United States District Court, M.D. Alabama, Northern Division

April 24, 2019

JENNIFER AKRIDGE, Plaintiff,
v.
ALFA MUTUAL INSURANCE COMPANY, Defendant.

          MEMORANDUM OPINION AND ORDER

          GRAY M BORDEN UNITED STATES MAGISTRATE JUDGE.

         Now before the court is a Motion for Attorneys' Fees and Sanctions (Doc. 141), a Motion to Stay (Doc. 143), and an Objection to the Bill of Costs (Doc. 152).

         This court entered final judgment in this case on February 20, 2019. Doc. 140. On March 5, 2019, the Defendant, Alfa Mutual Insurance Company (“Alfa”), filed a motion seeking attorneys' fees and sanctions. Doc. 141. Along with this motion, Alfa filed a Bill of Costs, and on March 19, 2019, the Clerk of the Court taxed costs against Plaintiff Jennifer Akridge in the amount requested by Alfa-$1, 966.60. Doc. 155. Also on March 5, Akridge appealed the judgment in this case and moved for a stay of the court's consideration of the attorneys' fees, sanctions, and costs. On March 12, Akridge filed her objection to the Bill of Costs.

         For reasons to be discussed, the court concludes that the Motion to Stay is due to DENIED as to the Bill of Costs and GRANTED as to the Motion for Attorneys' Fees and Sanctions, and that the Objection to the Bill of Costs is due to be SUSTAINED in part and OVERRULED in part.

         I. DISCUSSION

         A. Bill of Costs

         Akridge has asked to stay this court's consideration of the Bill of Costs while her appeal is pending, and separately has objected to the Bill of Costs. In assessing whether to grant a stay pending appeal, the court looks to four factors: (1) whether the applicant for the stay has made a strong showing that she is likely to succeed on the merits; (2) whether the applicant will be irreparably injured absent a stay; (3) whether issuance of the stay will substantially injure the other parties interested in the proceeding; and (4) where the public interest lies. Nken v. Holder, 556 U.S. 418, 434 (2009). Upon consideration of the relevant factors, the court cannot conclude that there has been a strong showing that Akridge will succeed on the merits of her claim on appeal, and the court cannot find that any other factor weighs in favor of a stay, so the court will consider Akridge's objections to the Bill of Costs at this time.

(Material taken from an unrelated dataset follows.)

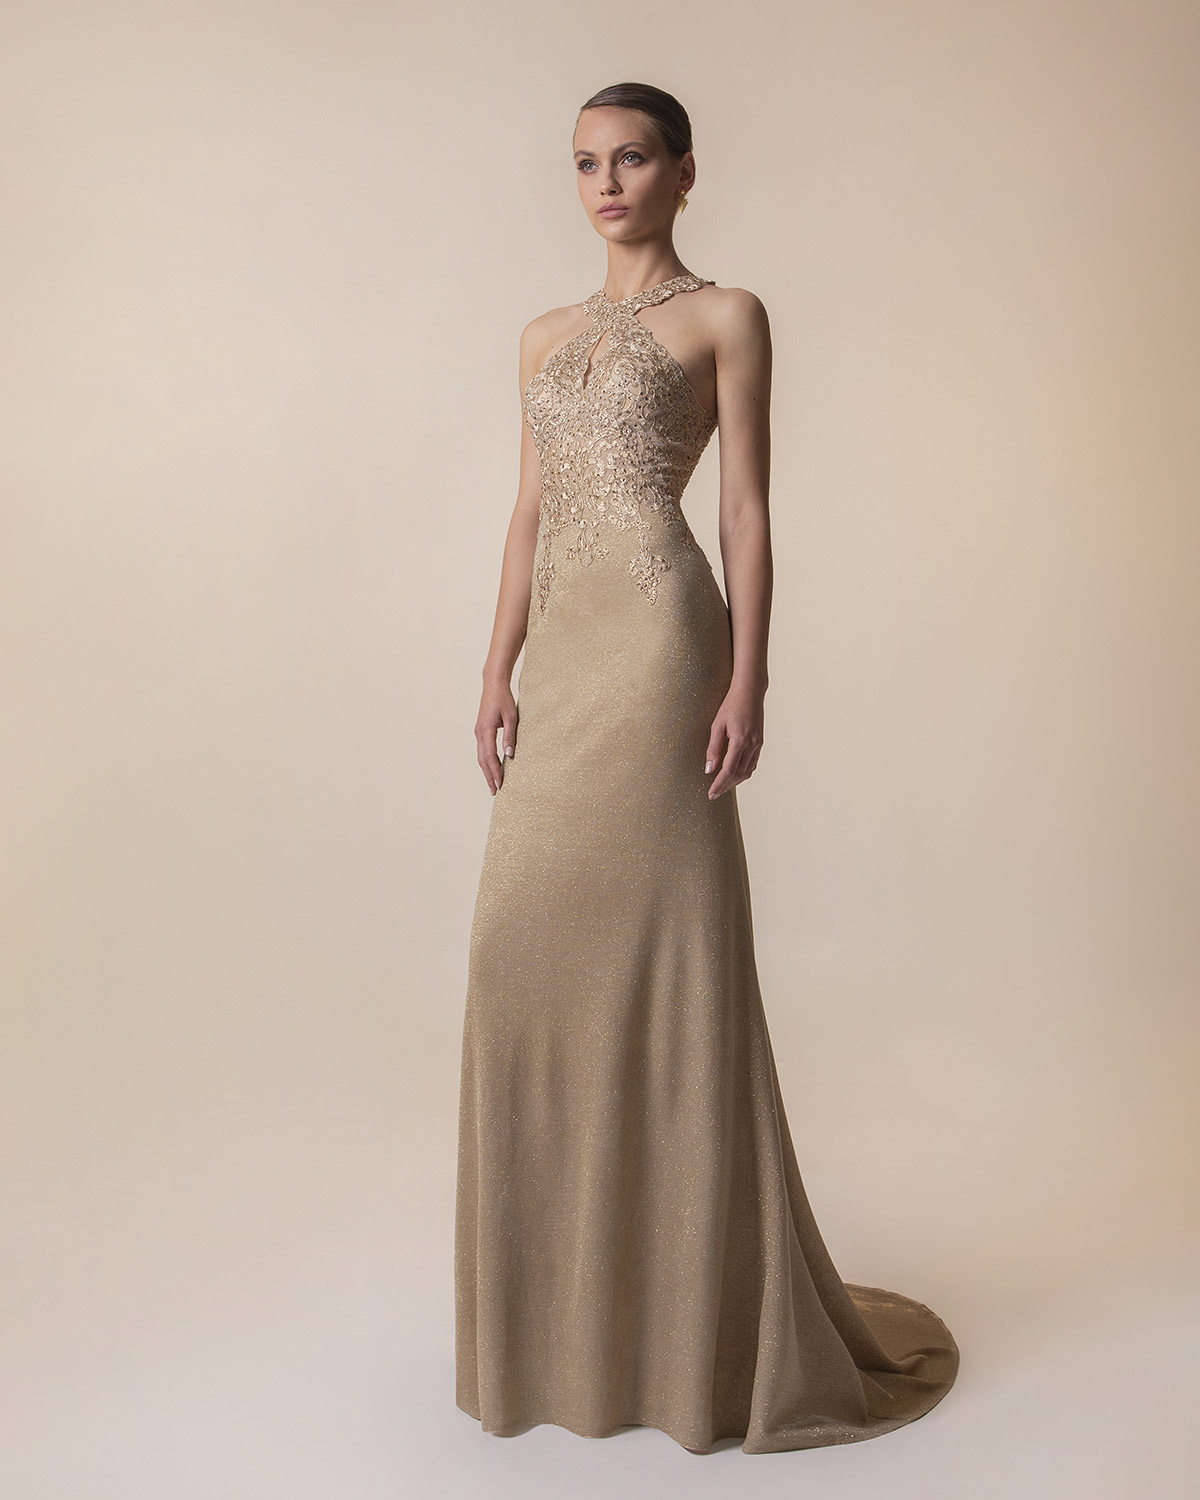 Evening Dresses / Long evening dress with shining fabric and fully beaded top

         Pursuant to Rule 54(d)(1) of the Federal Rules of Civil Procedure, “[u]nless a federal statute, these rules, or a court order provides otherwise, costs-other than attorney's fees-should be allowed to the prevailing party.” Pursuant to 28 U.S.C. § 1920, deposition expenses may be recovered if the deposition was “necessarily obtained for use in the case.” 28 U.S.C. § 1920(2). While generally there is a presumption that costs will be awarded, when only the prevailing party knows the reason for a particular cost the prevailing party must bear the burden of showing why that cost was reasonably necessary under 28 U.S.C. § 1920. Helms v. Wal-Mart Stores, Inc., 808 F.Supp. 1568, 1570 (N.D.Ga. 1992), aff'd, 998 F.2d 1023 (11th Cir. 1993).

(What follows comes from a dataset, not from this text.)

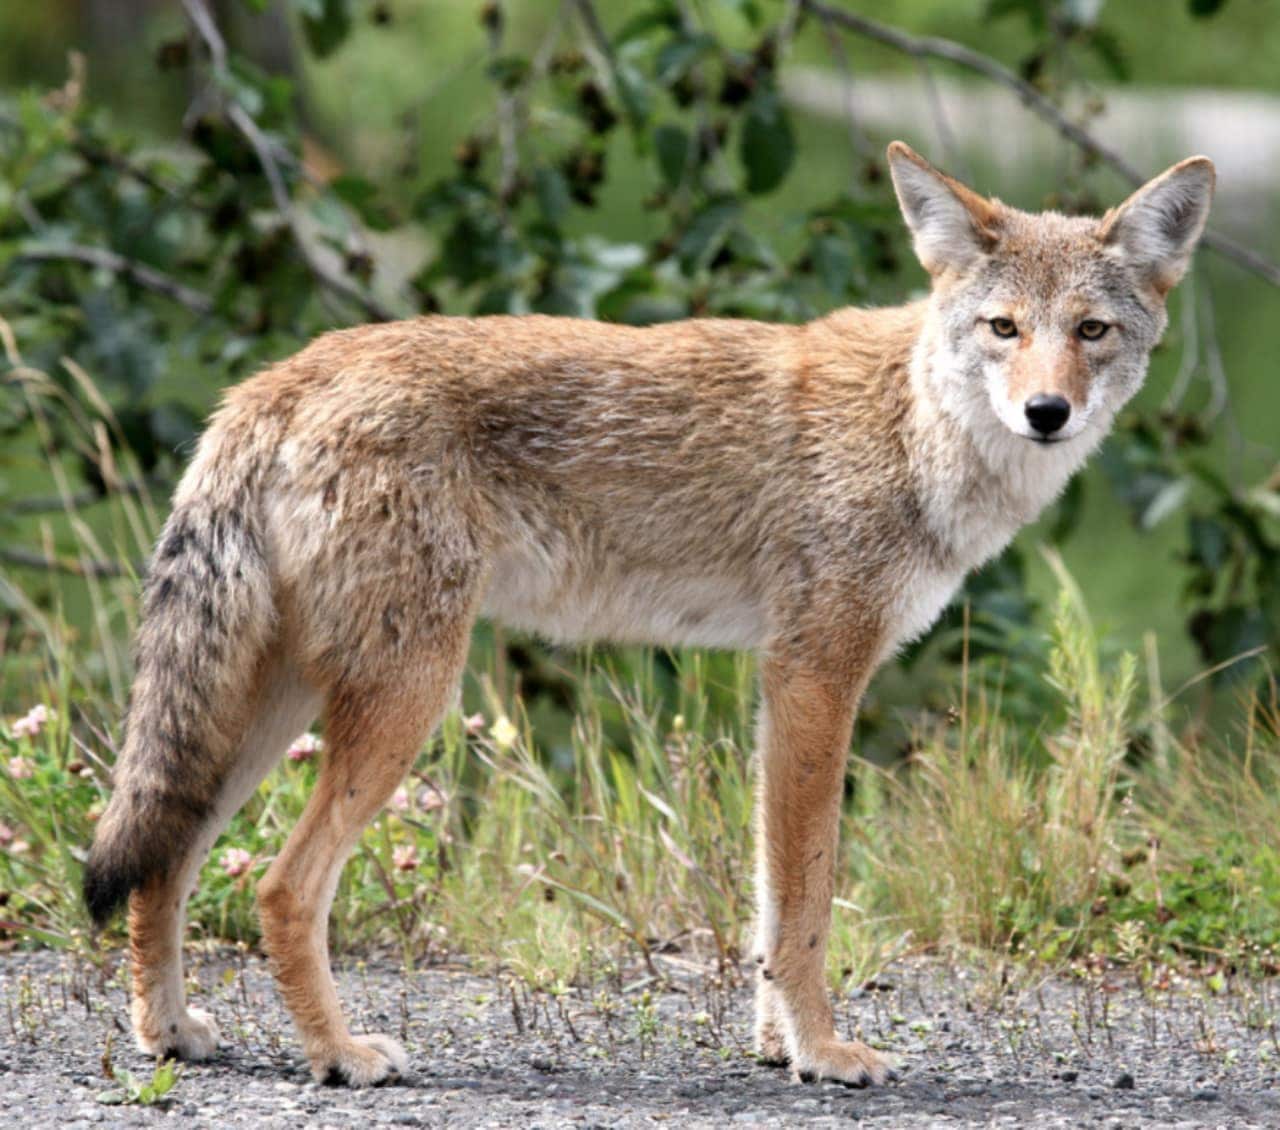 The Wilton Loop of the Norwalk River Valley Trail has been reopened following an encounter between a dog and a coyote Saturday afternoon.

         Akridge concedes that a party may recover fees for printed or electronically recorded transcripts pursuant to 28 U.S.C. § 1920(2), but contends that Alfa is improperly seeking the costs of the transcripts for multiple depositions of Susie White that were not related to issues in the case or necessary because Susie White did not have knowledge of the subject matter of many of the questions asked in her first deposition even though she had been designated as Alfa's Rule 30(b)(6) corporate representative. Akridge also argues that the costs of obtaining a condensed or mini-transcript of depositions should not be taxed because they are merely for the convenience of counsel. Finally, Akridge objects that the processing and delivery costs of the deposition transcripts should not be taxed.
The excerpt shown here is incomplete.